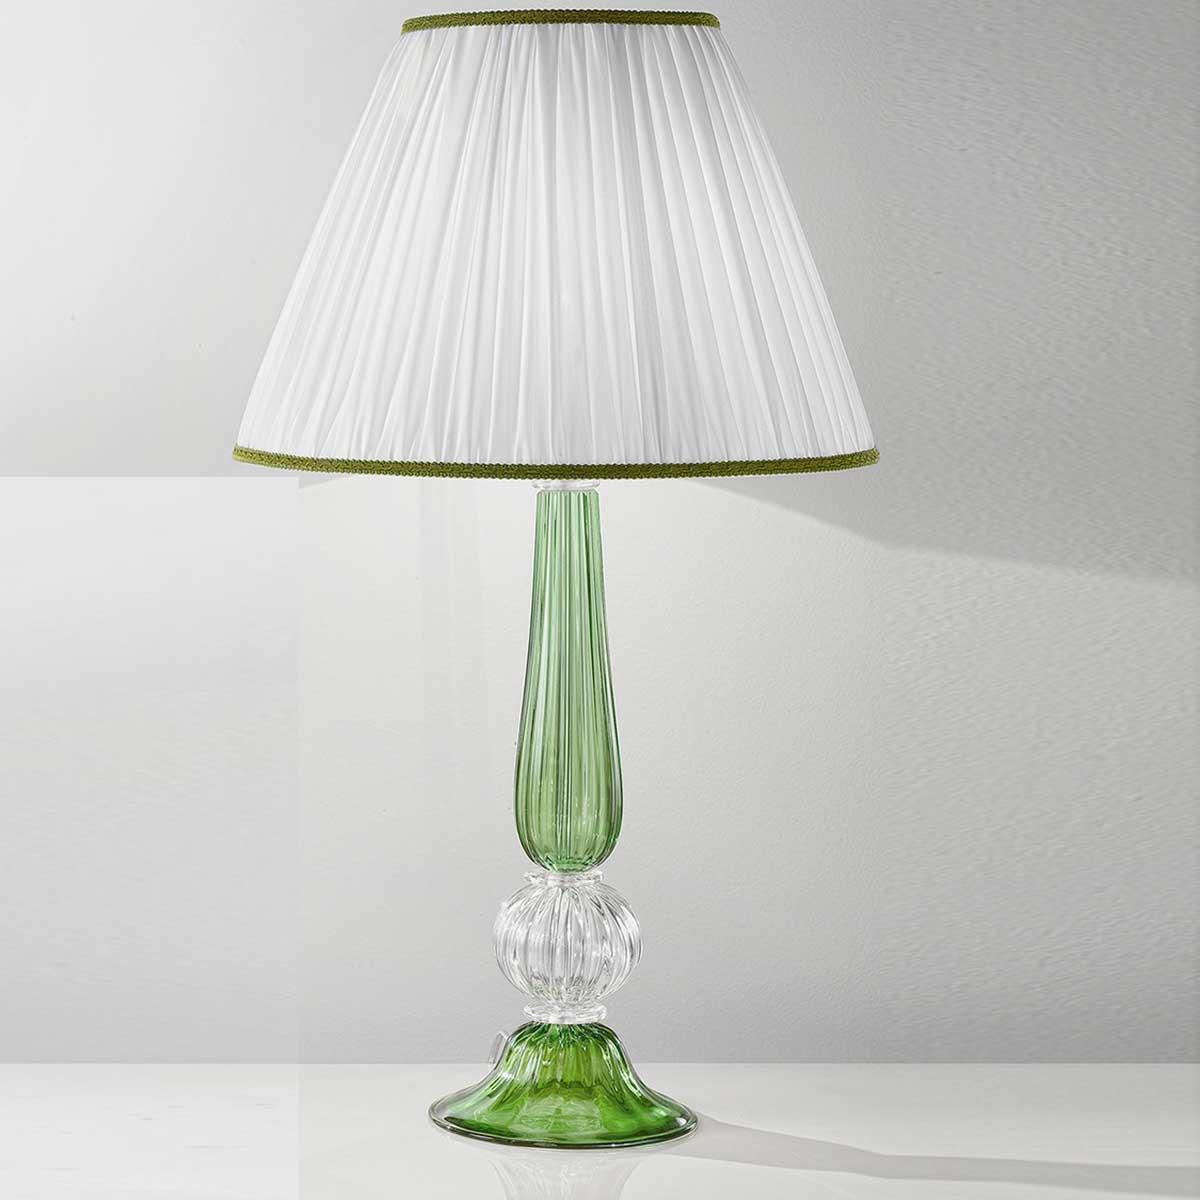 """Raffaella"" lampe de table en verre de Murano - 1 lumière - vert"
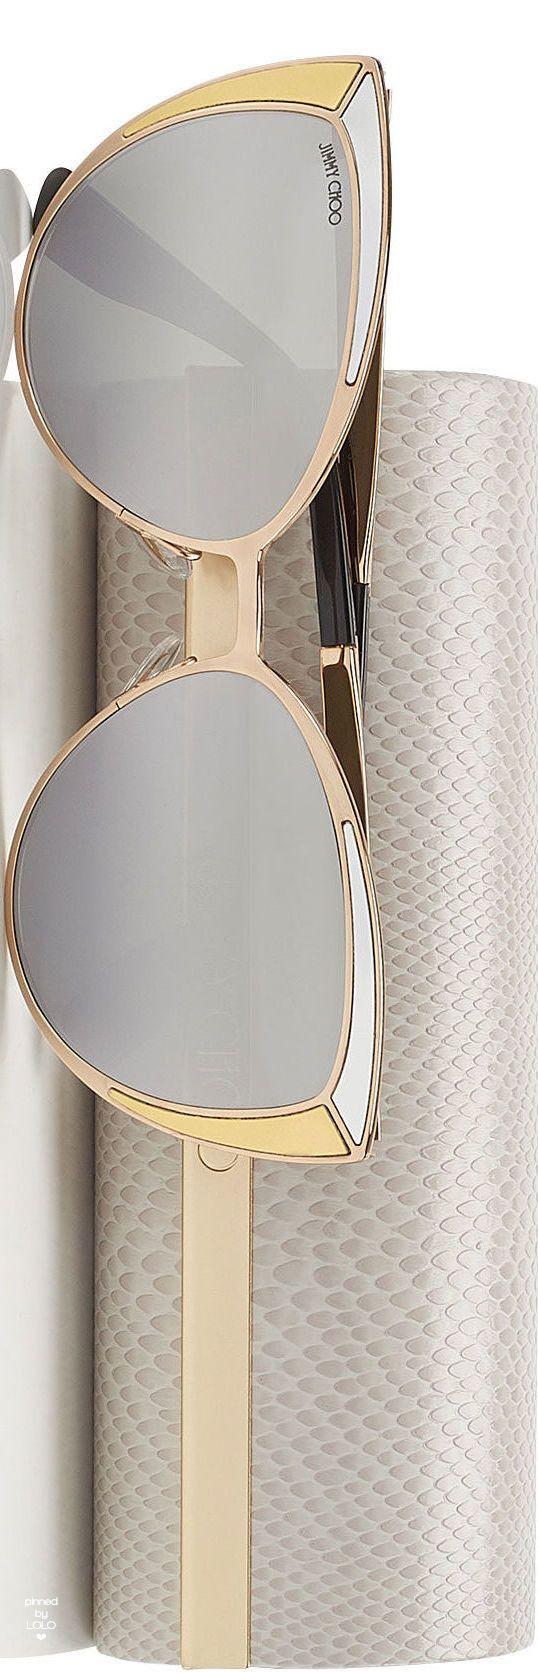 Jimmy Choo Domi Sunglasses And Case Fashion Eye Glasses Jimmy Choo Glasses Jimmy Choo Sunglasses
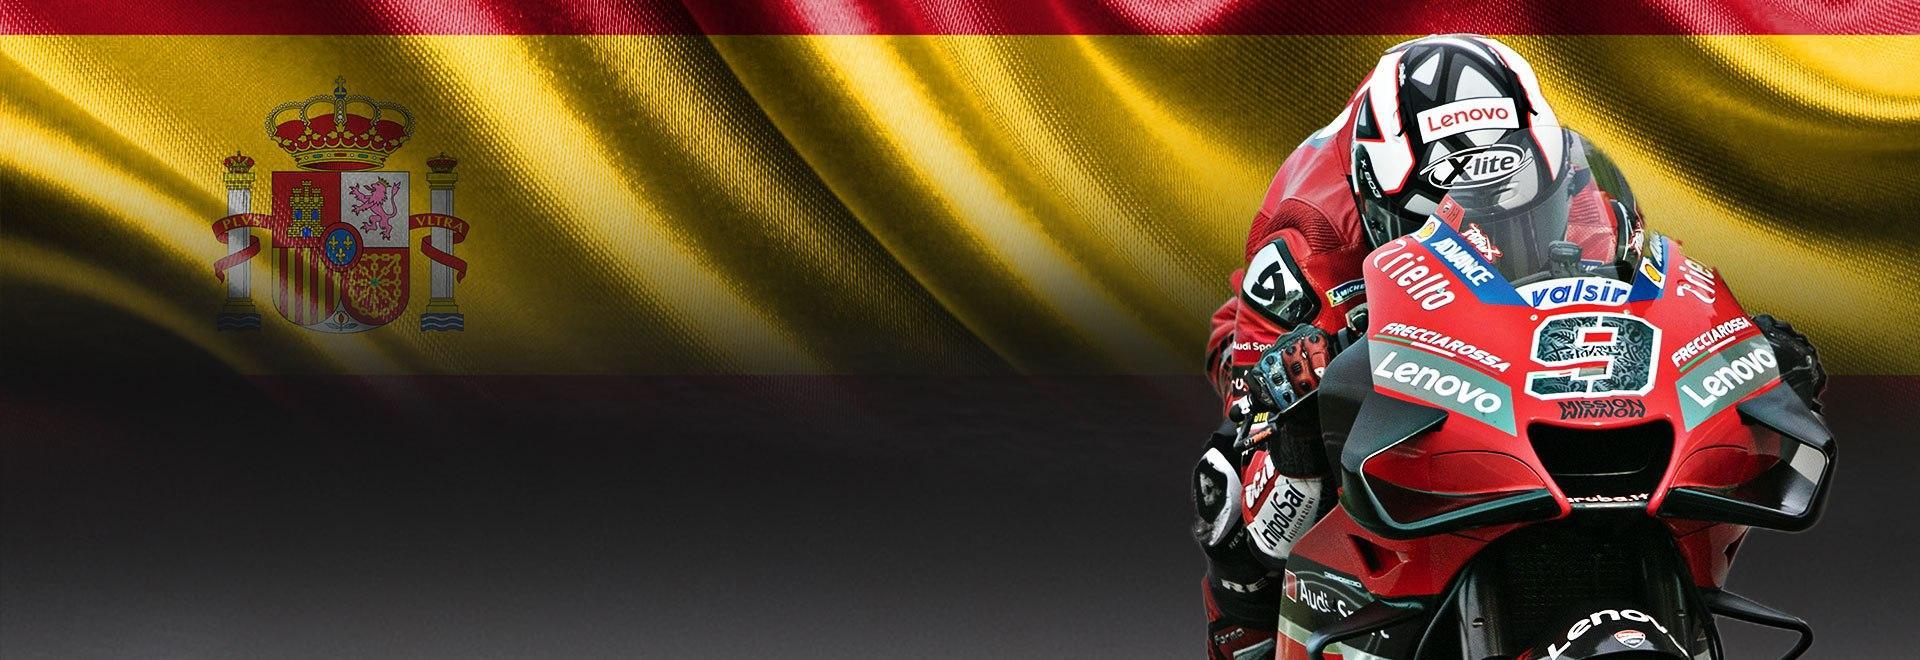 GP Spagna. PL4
____
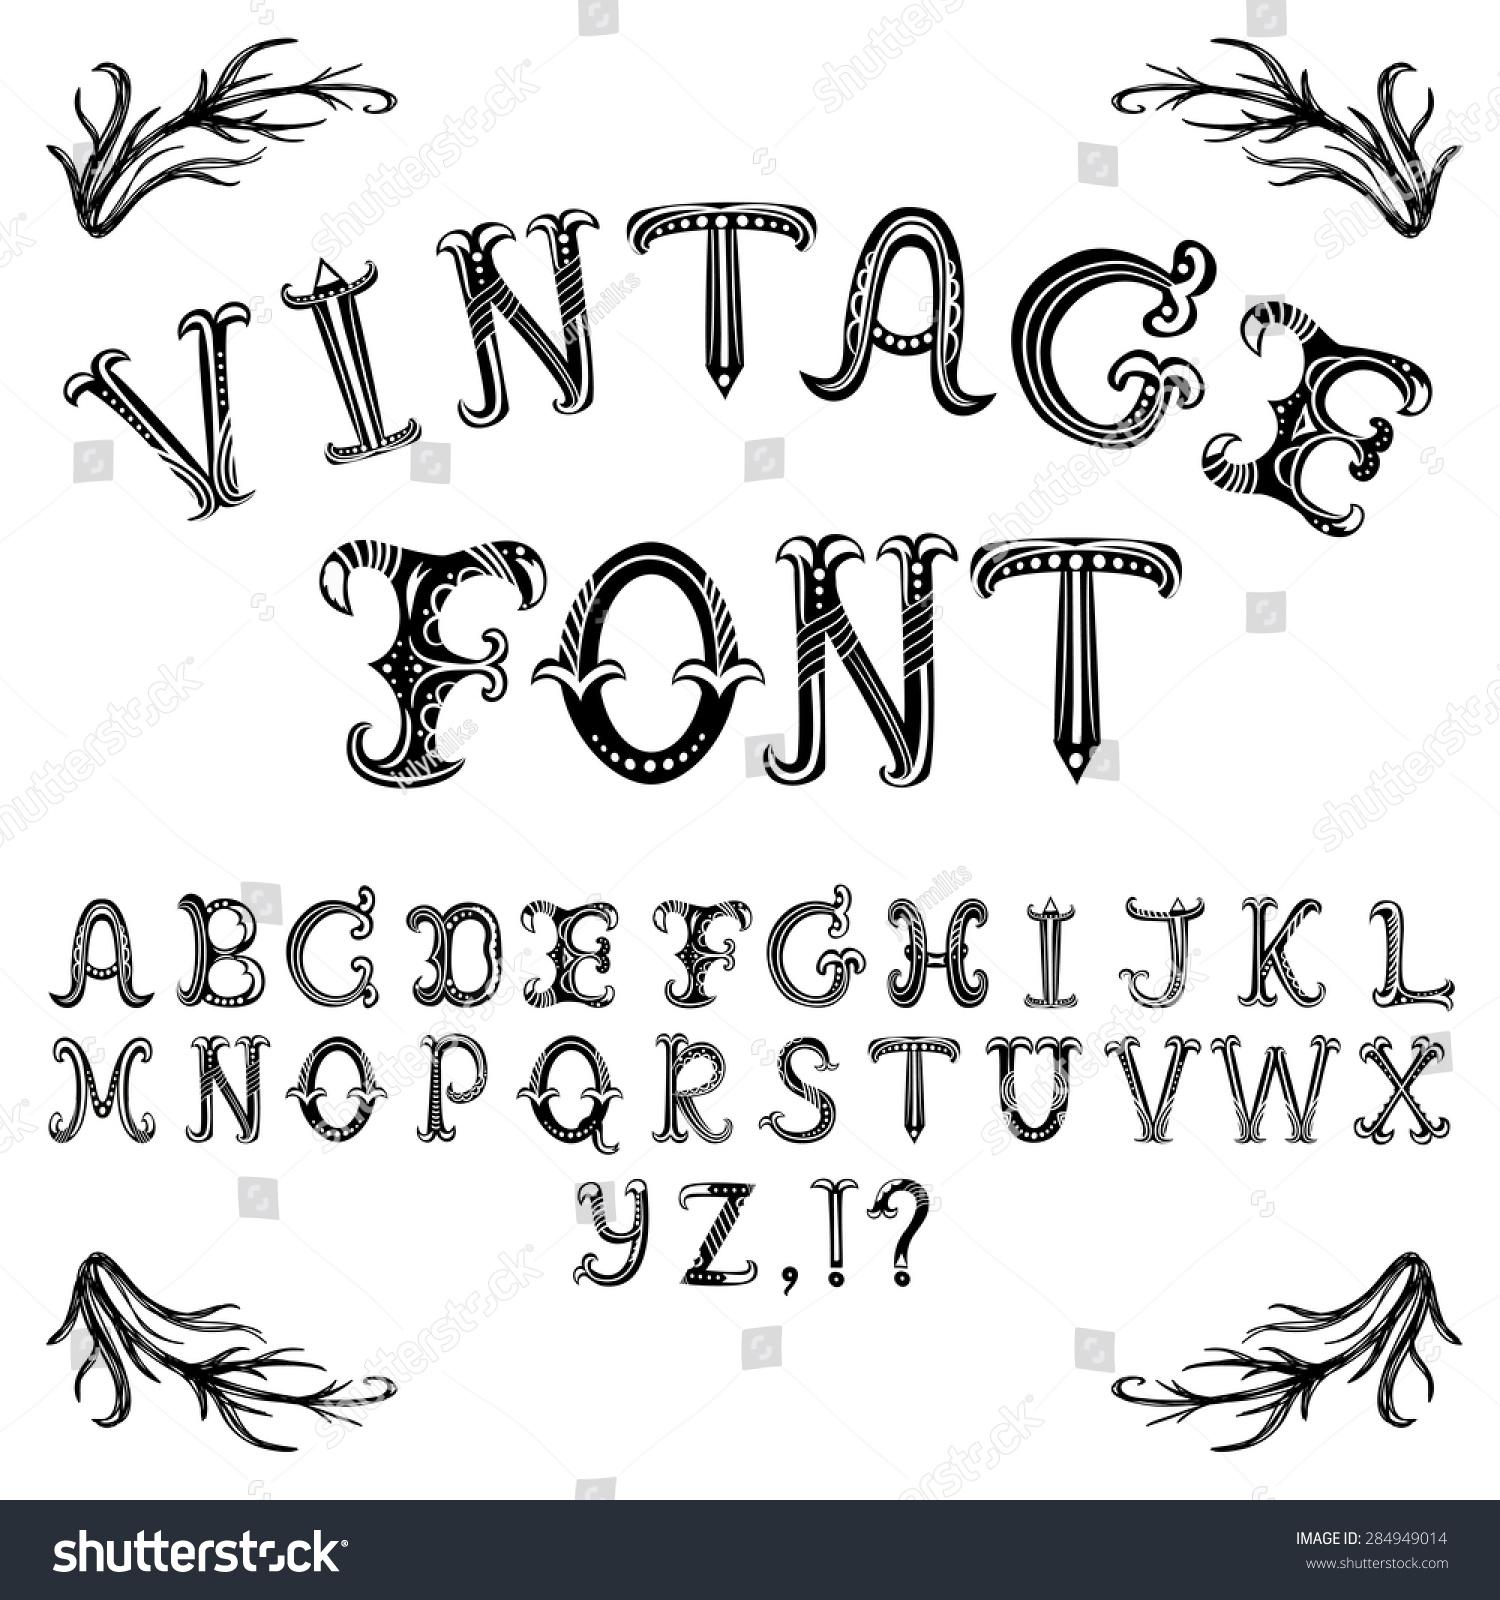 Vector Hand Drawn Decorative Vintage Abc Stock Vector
____
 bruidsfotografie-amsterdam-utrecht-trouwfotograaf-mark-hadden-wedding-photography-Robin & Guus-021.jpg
____
WORK TASK: Beginning at the line above that contains "lampe de table" and going on through the line that contains "GP Spagna. PL4", please copy every line exactly, leaving the pictures out and adding nothing.

WORKED SOLUTION:
 """Raffaella"" lampe de table en verre de Murano - 1 lumière - vert"
 Jimmy Choo Domi Sunglasses And Case Fashion Eye Glasses Jimmy Choo Glasses Jimmy Choo Sunglasses
 GP Spagna. PL4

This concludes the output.